Andres Freund Thu, 30 Mar 2017 12:12:32 -0700

On 2017-03-30 18:26:05 +0300, Teodor Sigaev wrote:
> Any objection from reviewers to push both patches?



> diff --git a/contrib/bloom/blutils.c b/contrib/bloom/blutils.c
> index f2eda67..59029b9 100644
> --- a/contrib/bloom/blutils.c
> +++ b/contrib/bloom/blutils.c
> @@ -120,6 +120,7 @@ blhandler(PG_FUNCTION_ARGS)
>       amroutine->amclusterable = false;
>       amroutine->ampredlocks = false;
>       amroutine->amcanparallel = false;
> +     amroutine->amcaninclude = false;

That name doesn't strike me as very descriptive.

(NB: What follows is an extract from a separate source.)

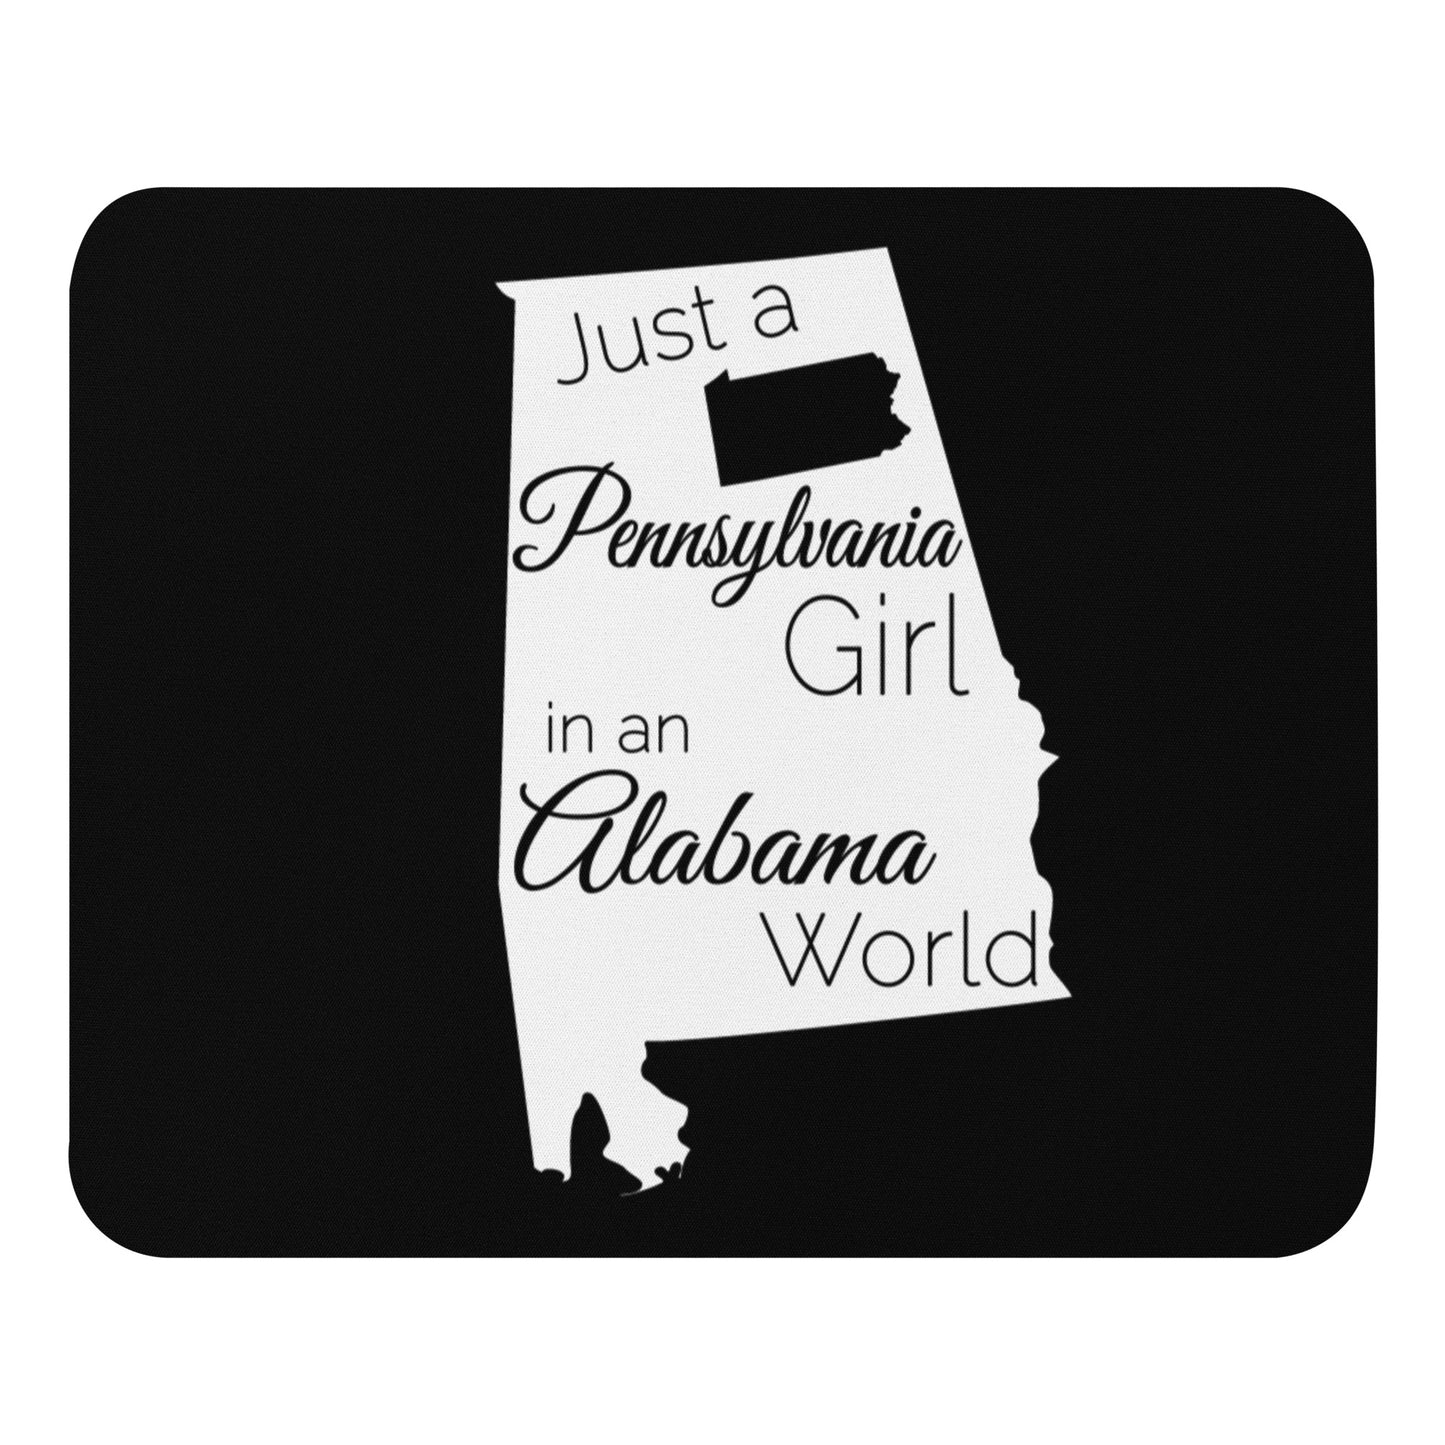 Just a Pennsylvania Girl in an Alabama World Mouse pad

> +      <term><literal>INCLUDE</literal></term>
> +      <listitem>
> +       <para>
> +        An optional <literal>INCLUDE</> clause allows a list of columns to be
> +        specified which will be included in the non-key portion of the index.
> +        Columns which are part of this clause cannot also exist in the
> +        key columns portion of the index, and vice versa. The
> +        <literal>INCLUDE</> columns exist solely to allow more queries to 
> benefit
> +        from <firstterm>index-only scans</> by including certain columns in 
> the
> +        index, the value of which would otherwise have to be obtained by 
> reading
> +        the table's heap. Having these columns in the <literal>INCLUDE</> 
> clause
> +        in some cases allows <productname>PostgreSQL</> to skip the heap read
> +        completely. This also allows <literal>UNIQUE</> indexes to be 
> defined on
> +        one set of columns, which can include another set of columns in the
> +       <literal>INCLUDE</> clause, on which the uniqueness is not enforced.
> +        It's the same with other constraints (PRIMARY KEY and EXCLUDE). This 
> can
> +        also can be used for non-unique indexes as any columns which are not 
> required
> +        for the searching or ordering of records can be used in the
> +        <literal>INCLUDE</> clause, which can slightly reduce the size of 
> the index.
> +        Currently, only the B-tree access method supports this feature.
> +        Expressions as included columns are not supported since they cannot 
> be used
> +        in index-only scans.
> +       </para>
> +      </listitem>
> +     </varlistentry>

This could use some polishing.


> +/*
> + * Reform index tuple. Truncate nonkey (INCLUDE) attributes.
> + */
> +IndexTuple
> +index_truncate_tuple(Relation idxrel, IndexTuple olditup)
> +{
> +     TupleDesc   itupdesc = RelationGetDescr(idxrel);
> +     Datum       values[INDEX_MAX_KEYS];
> +     bool        isnull[INDEX_MAX_KEYS];
> +     IndexTuple      newitup;
> +     int indnatts = IndexRelationGetNumberOfAttributes(idxrel);
> +     int indnkeyatts = IndexRelationGetNumberOfKeyAttributes(idxrel);
> +
> +     Assert(indnatts <= INDEX_MAX_KEYS);
> +     Assert(indnkeyatts > 0);
> +     Assert(indnkeyatts < indnatts);
> +
> +     index_deform_tuple(olditup, itupdesc, values, isnull);
> +
> +     /* form new tuple that will contain only key attributes */
> +     itupdesc->natts = indnkeyatts;
> +     newitup = index_form_tuple(itupdesc, values, isnull);
> +     newitup->t_tid = olditup->t_tid;
> +
> +     itupdesc->natts = indnatts;

Uh, isn't this a *seriously* bad idea?  If index_form_tuple errors out,
this'll corrupt the tuple descriptor.


Maybe also rename the function to index_build_key_tuple()?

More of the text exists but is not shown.